Prairie View

Saturday, February 14, 2009

Centrally Located

I didn't know whether to giggle or gag or snort, so I did none of the above, and went right on quietly eating my pancakes and sausage at the Custom Mills/Midwest Farm and Dairy Supply annual customer appreciation event.

I didn't hear it clearly, but one person near me had apparently just made a pleased comment about the new school site that 75% of the people in our Beachy churches had voted for. The response from the person across the table was what got to me.

"Oh, I'm so glad too. It's so much more centrally located."

Yeah right.

Some time ago, when preliminary work was being done to select a building site, someone studied a map and located the residences of our church families, and determined that the center point, when all the extremities are plotted, comes out at the West Center Amish Cemetery. "The cemetery is where you end up," the moderator in a public meeting replied when someone asked where the center point is. (Very punny.) Obviously, to be centrally located, a building site should be near the cemetery.

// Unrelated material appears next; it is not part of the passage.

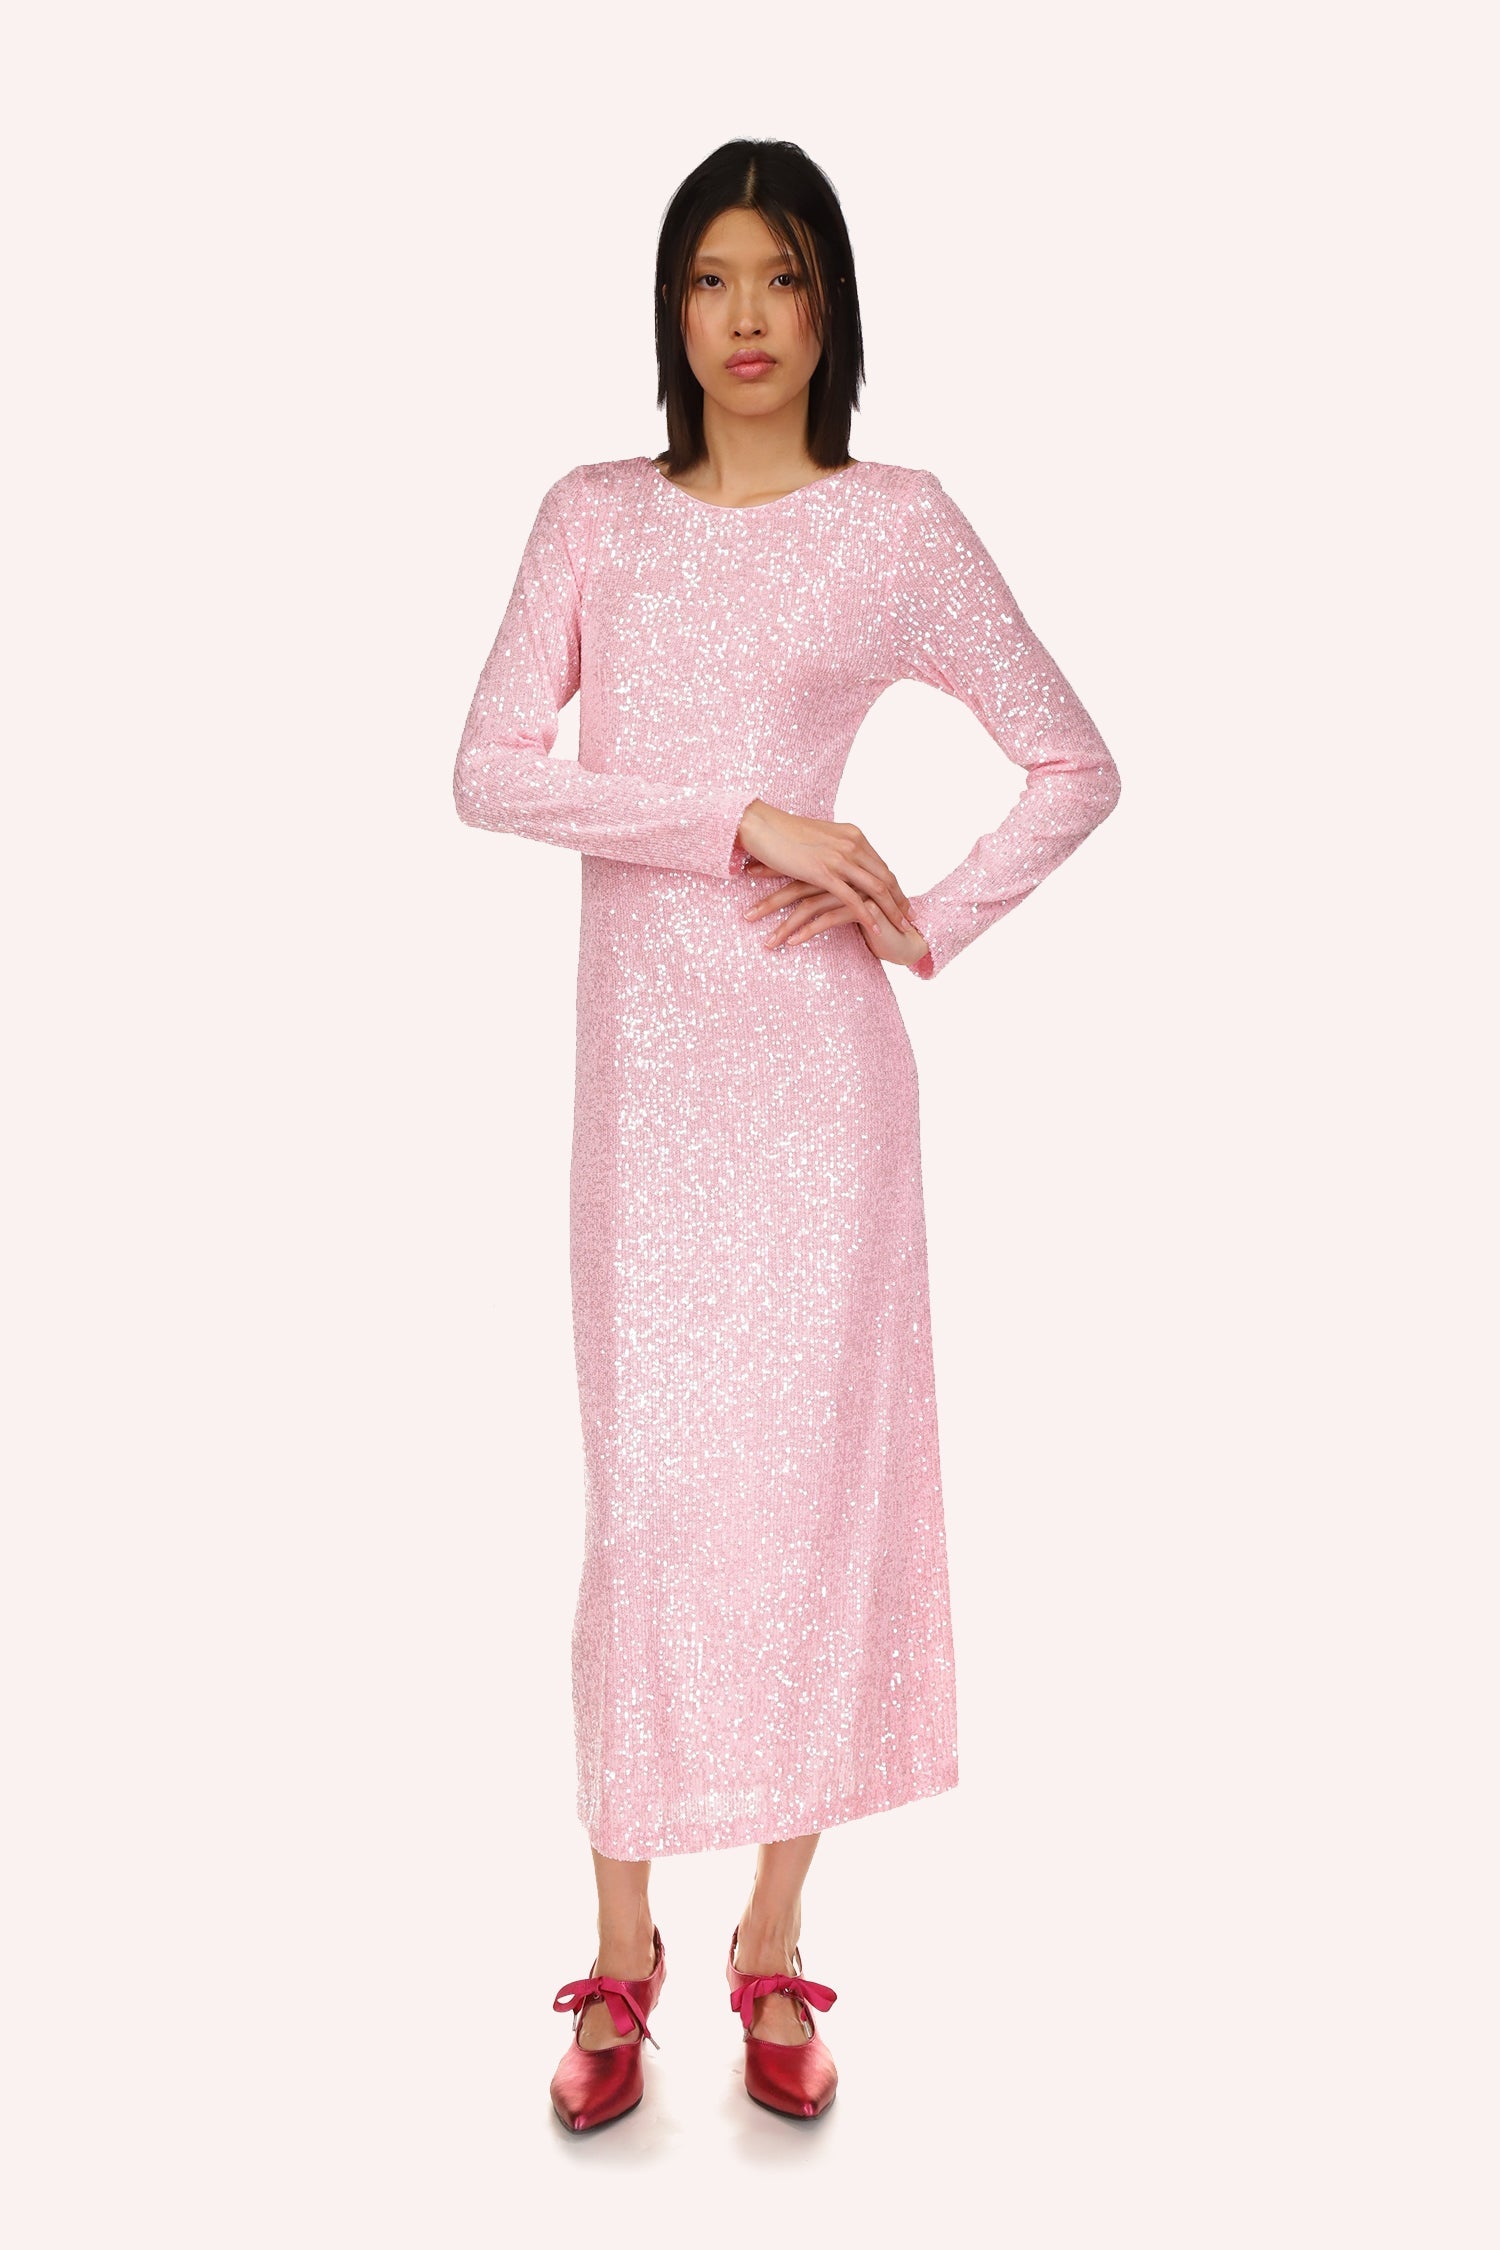 Anna Sui's Sequin Mesh Dress Baby Pink, ankles long, neckline collar, long sleeves

I was pretty sure that the chosen site is no closer to the cemetery than the other options. The salient point in the comment I overheard, of course, is that the chosen location was much closer to the home of the person speaking than the others were. She is one of the many people who live between Pleasantview and Hutchinson. To many like her, who probably seldom travel west of Pleasantview, the area outside of Hutchinson beyond Pleasantview seems to them like the hinterlands. It's hard for them to believe that we who live here live as close to the center of the community as they do.

So tonight, with a ruler and the Reno County Farm and Home Plat Directory in hand, I checked it out. The selected site (which I will call option A) is, in fact .26 mile--one-fourth mile--closer to the cemetery than option B. It is closer by .7--less than 3/4 mile--than option C. So, technically, yes, the selected site is more centrally located. But so much more centrally located? Nah. Only seven tenths of a mile closer than the farthest-away option would have been, and one-fourth of a mile closer than the nearer location.

The person I heard talking was not showing ill will in the comment I overheard. Just ignorance, and revealing the tendency we all have to think that the part of the world most familiar to us is the most important.

I noticed the same thing in the maps in some of Hiromi's Japanese books. Guess what's right in the middle of the page on those maps. Asia, which includes Japan. The Americas are split vertically and appear at the left and right edges of the map.

After all the fussing I've done here, I should make clear that I am quite content with the school site 75% of the voters chose, and have no plans to circumvent the decision in any way. Even if it's not so much more centrally located than the alternatives, I believe it can serve the community well.



2 Comments:

  • You sound bitter. :-)

    By Anonymous Anonymous, at 2/15/2009  

  • Wait... We voted? I must have missed the memo.